## Input data:
- - - -
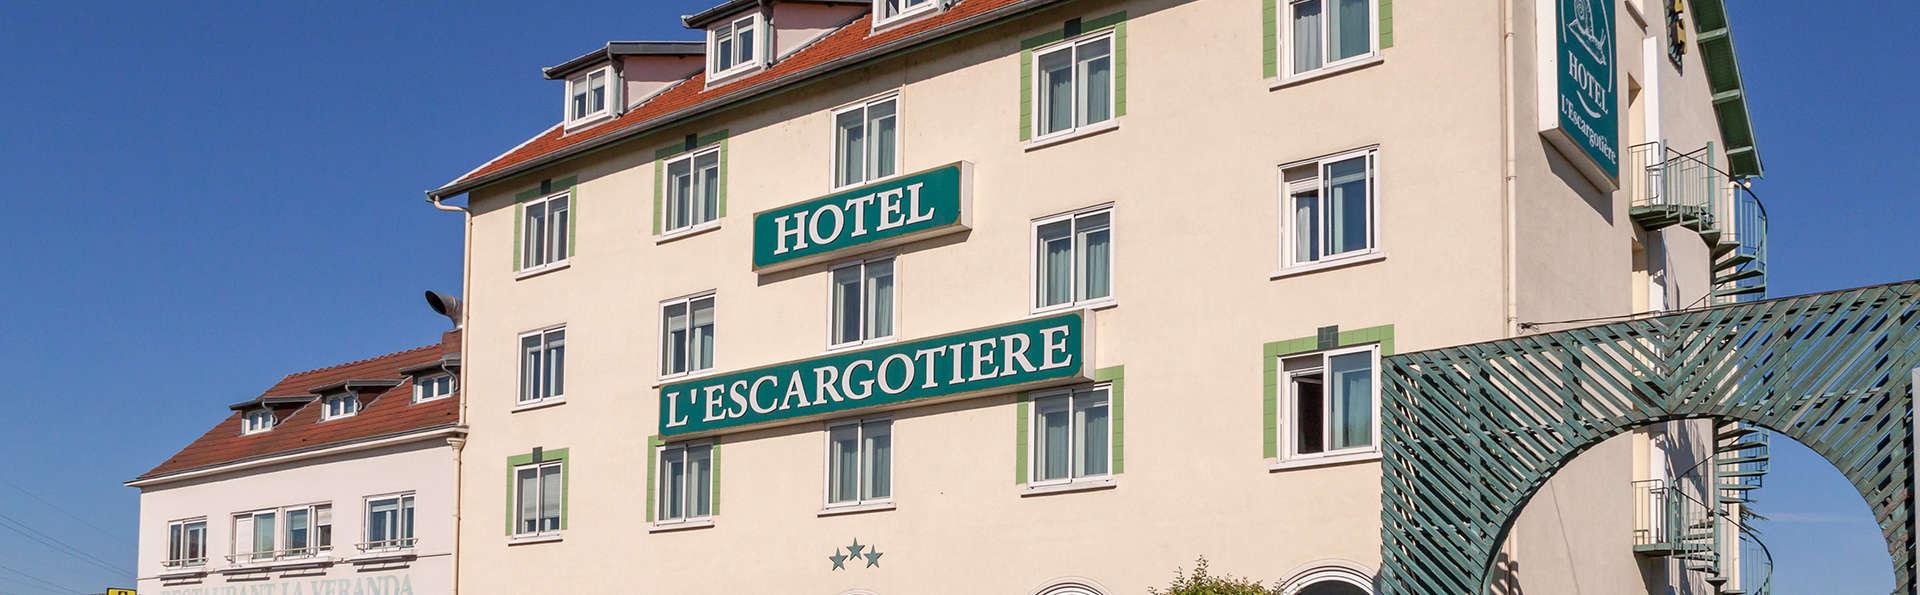 Hôtel l'Escargotière - Edit_Front.jpg
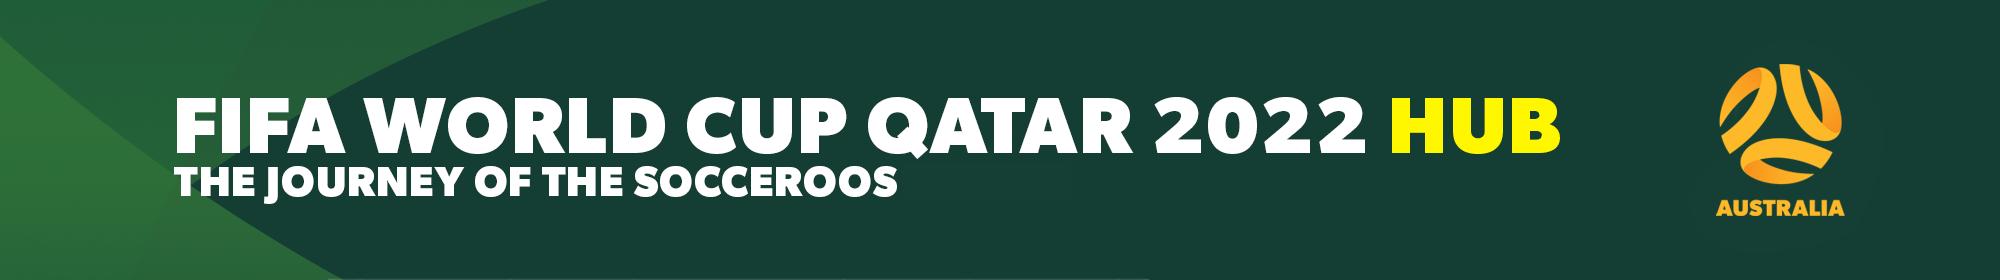 Socceroos Qatar Hub
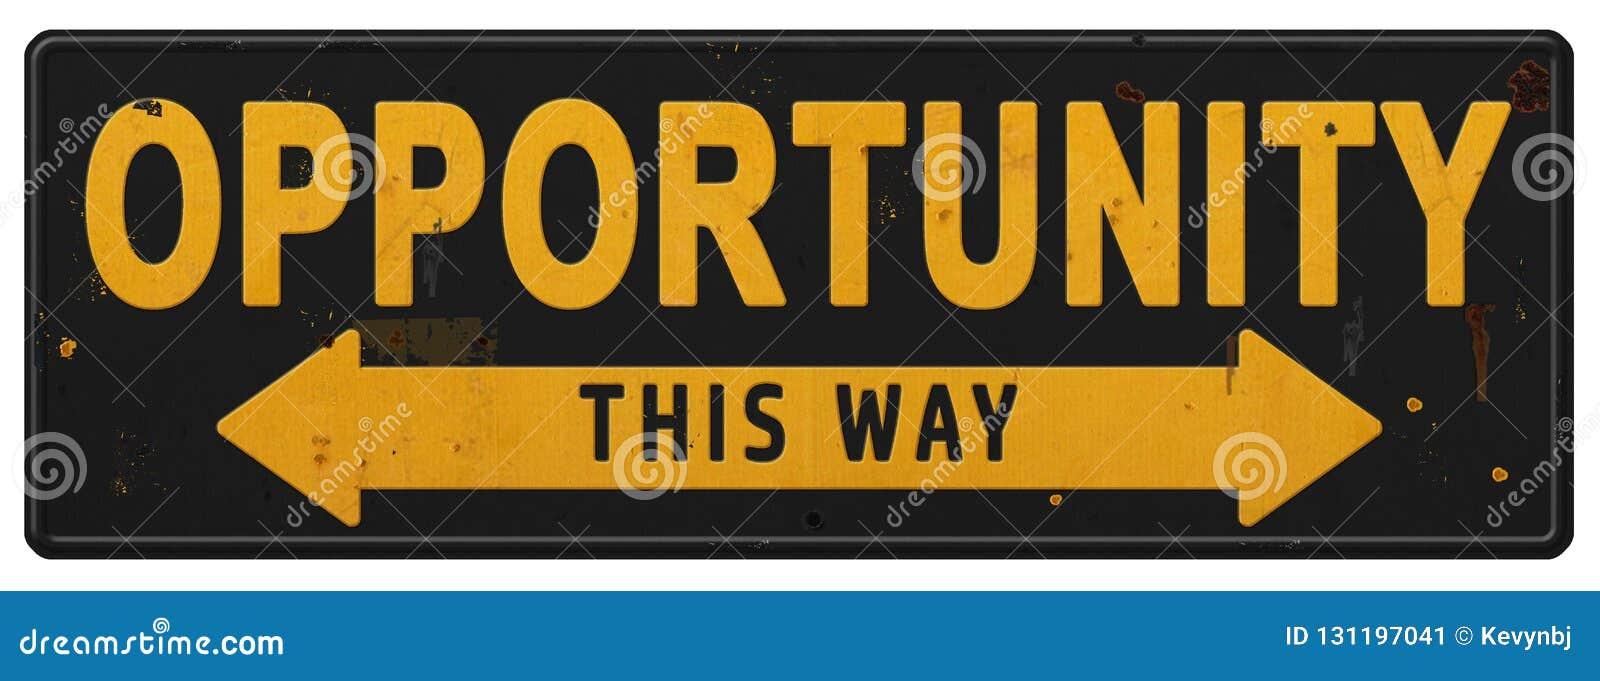 Kansteken Logo Art Business Possibilities Goal Accomlishment
- - - -
## Directions for this task:
Write down exactly the lines running from the line with "Socceroos Qatar Hub" through the end of the material, both ends included, and none of the pictures.

## Exercise result:
 Socceroos Qatar Hub
 Kansteken Logo Art Business Possibilities Goal Accomlishment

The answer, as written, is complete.